Please come to Aug. 13 meeting; stop state takeover of finances

Dear Editor:

Just about a month ago the city of Hoboken suffered the ignominy of having the state of New Jersey take away our ability – and our right – to handle our own finances. Or did it?

Rather than squarely taking the blame for this financial embarrassment and offer to work with the city council on a solution, Mayor David Roberts was only too eager to embrace a state takeover. In fact in the weeks leading up to the takeover, the mayor and some of his city council supporters were gleeful in their expectation that the state would come in and make everything okay with city’s failing finances.

It seems that rather than dealing with the job they were elected to do, Roberts and his supporters on the council were quick to hand over the problem to someone else.

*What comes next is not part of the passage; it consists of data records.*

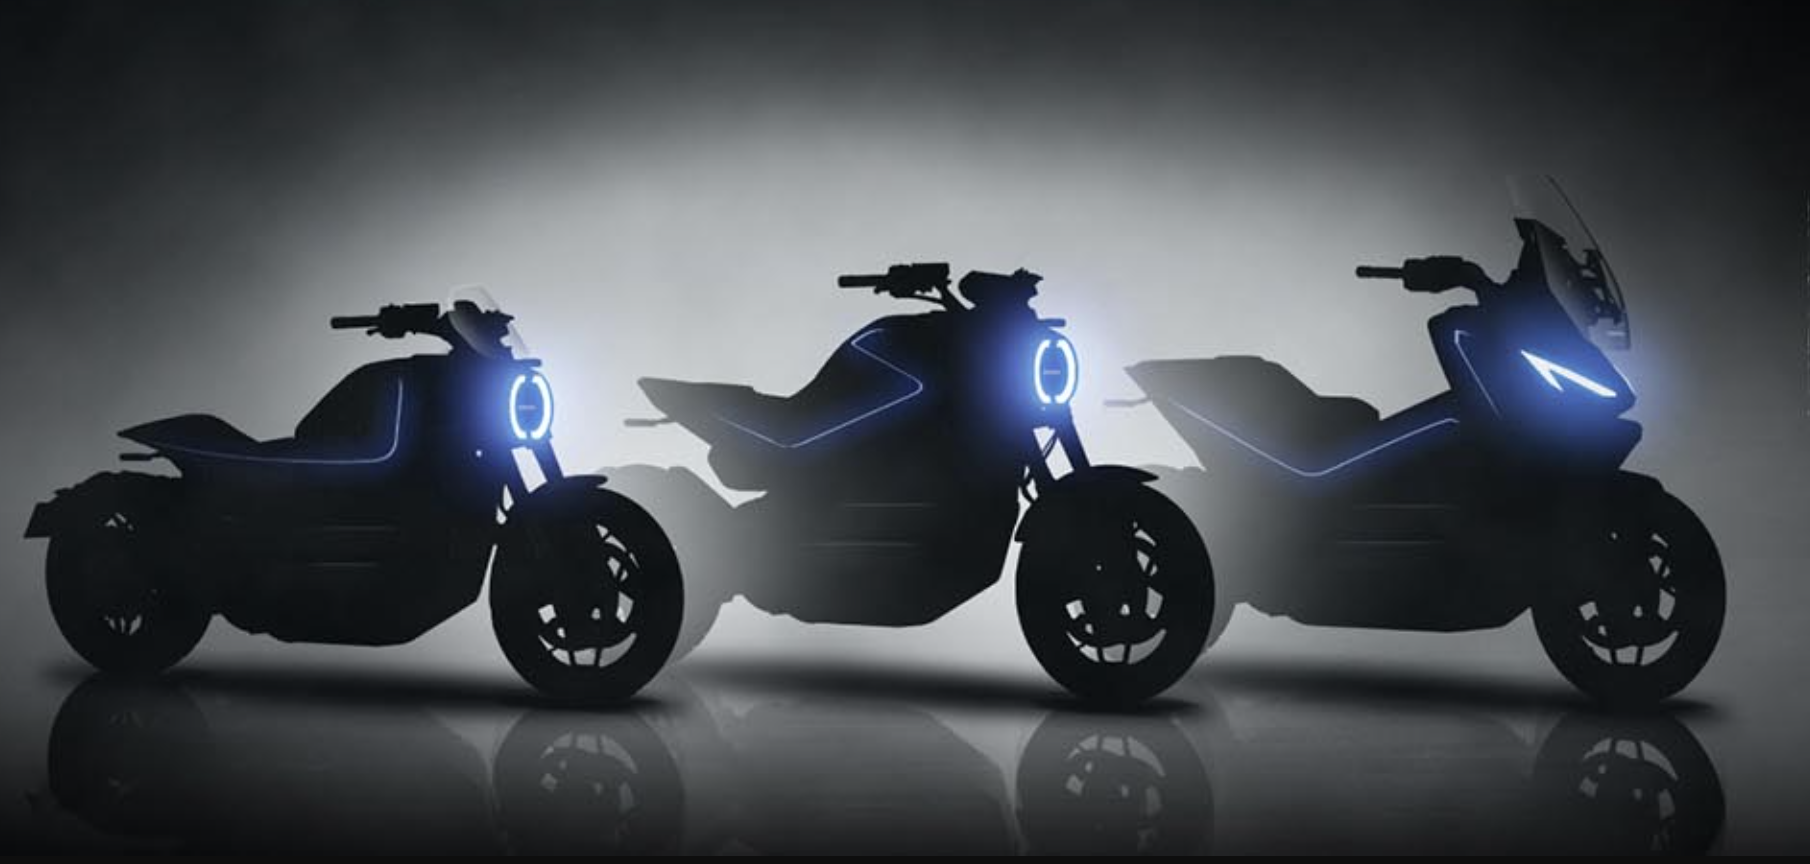 ホンダ、全ての二輪製品でのカーボンニュートラル実現に向けた発表、2025年までにグローバルで二輪EV10モデル以上を投入
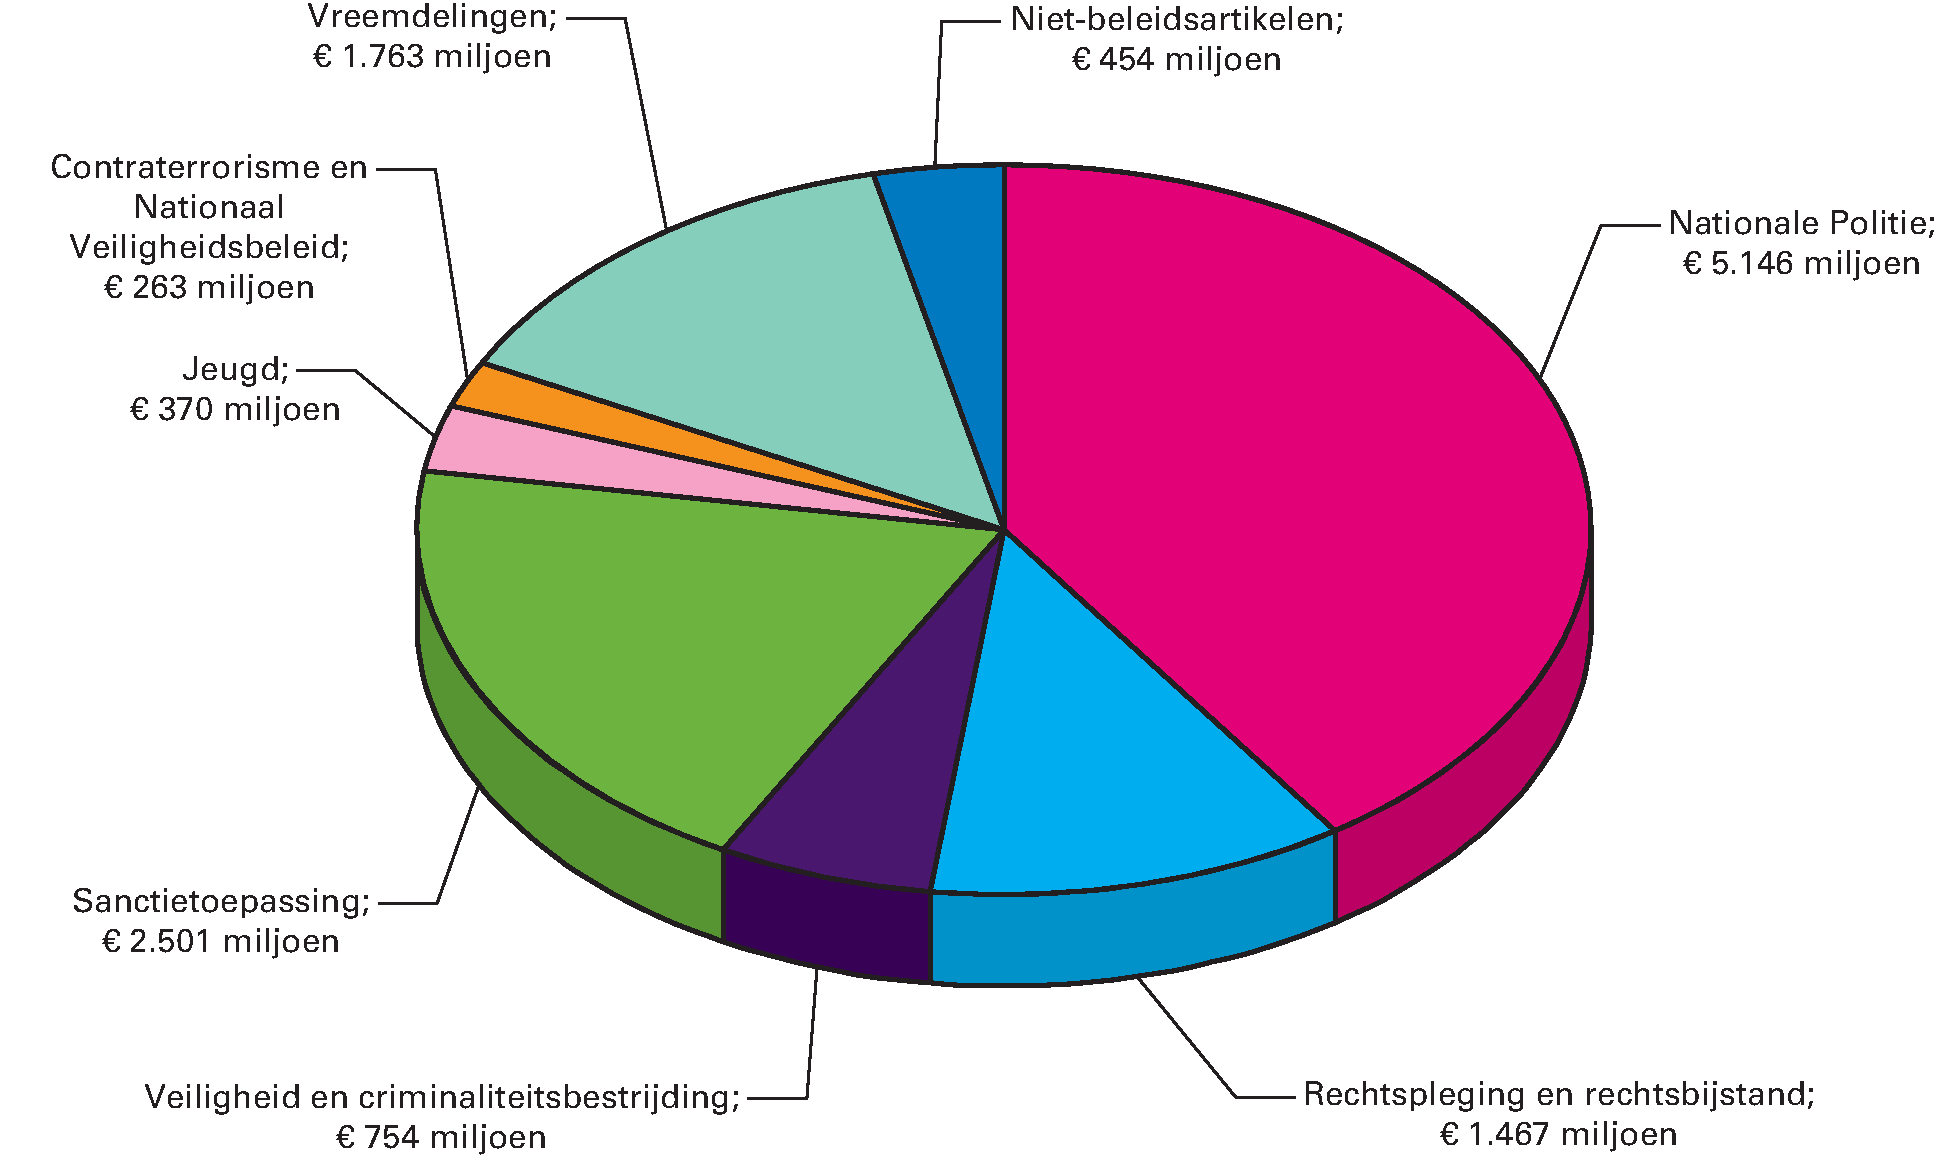 Gerealiseerde uitgaven van het ministerie in 2015 verdeeld over de beleidsartikelen en niet-beleidsartikelen
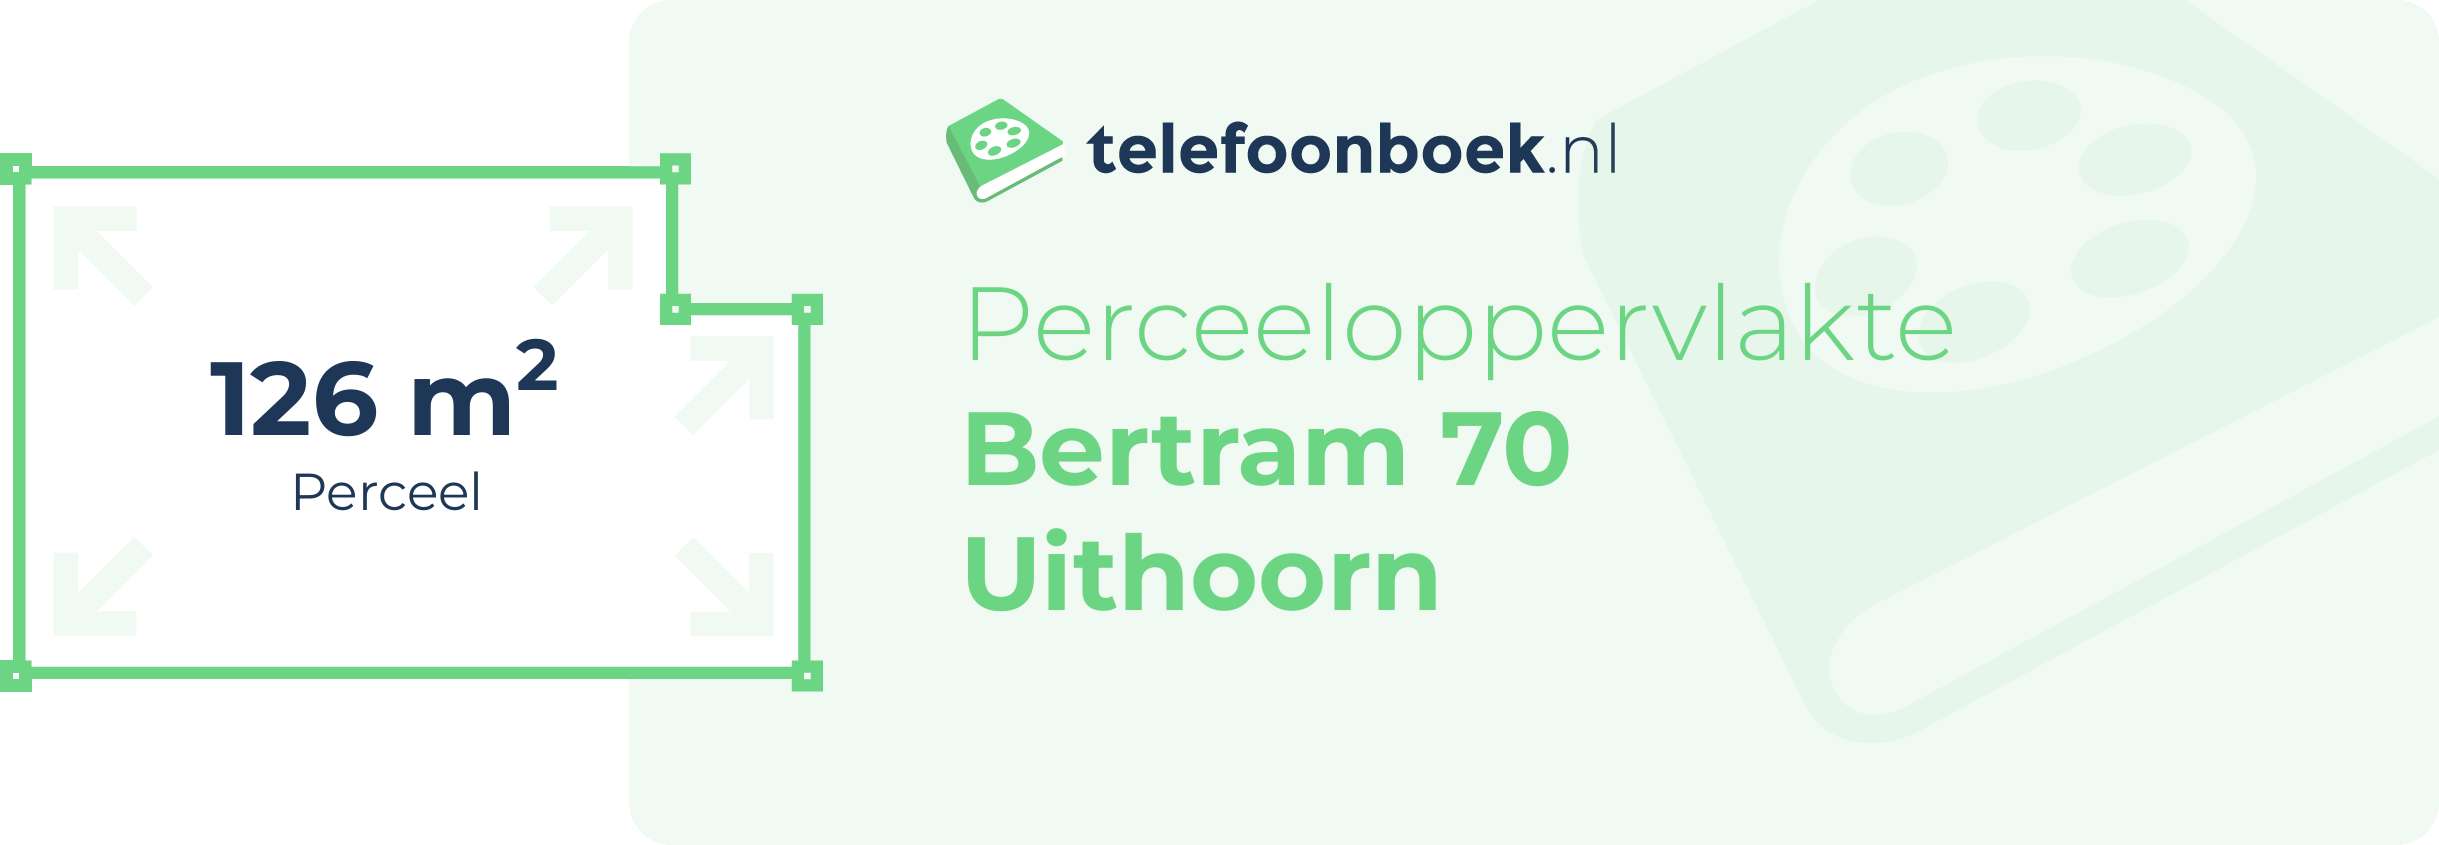 Perceeloppervlakte Bertram 70 Uithoorn
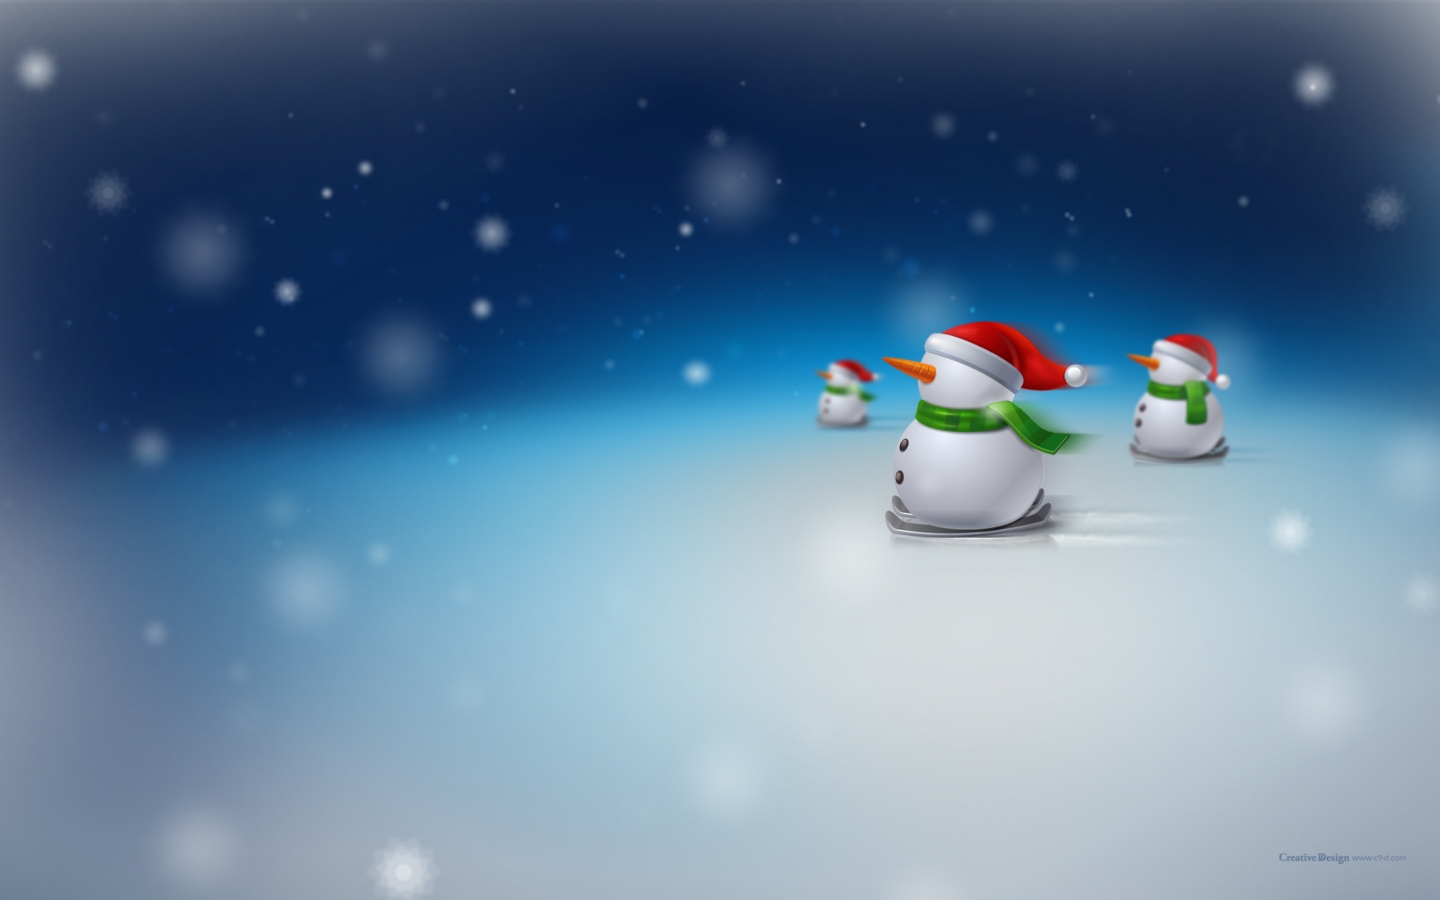 Snowman for 1440 x 900 widescreen resolution

Unfortunately, that someone else is the state with one of the worst financial records in the nation. The state Local Finance Board, which is seeking to take control of Hoboken, is managed by former Bayonne Mayor Joe Doria, who had an abysmal record managing the town and left the city deeply in debt. Is that who we want running Hoboken?

Moreover, it is questionable that the state has the authority to take over the city’s finances. That matter will be resolved in court on August 14, and I am hoping the state takeover is stopped.

I strongly believe that the city council – not unelected state bureaucrats – should solve the city’s financial problems. That’s what we were elected to do. And I believe the city council, working with the community, can solve our own financial problems, which have been years in the making.

The voters of Hoboken elected us to make decisions about how and where to spend their tax money. They elected us to set the city’s priorities. Why should we simply hand over our duties and our authority to a state with a shockingly abysmal financial record? Do we want Hoboken managed the way Trenton manages New Jersey? I don’t think so.

More importantly, with the lack of disclosure that Trenton is famous for, how will we ever know how truly bad the city’s finances are? Maybe that’s the point. Maybe the state doesn’t want us to know the depth of Hoboken’s financial problems and who is responsible for the financial mess the city is in. A political cover up is not what we need. We need to know the truth.

I encourage anyone interested in maintaining local control of our community to attend the August 13 city council meeting and let your feelings be known to the mayor and the council. It is important that our city’s financial future be charted by the people who live here – not by faceless bureaucrats on loan from Trenton.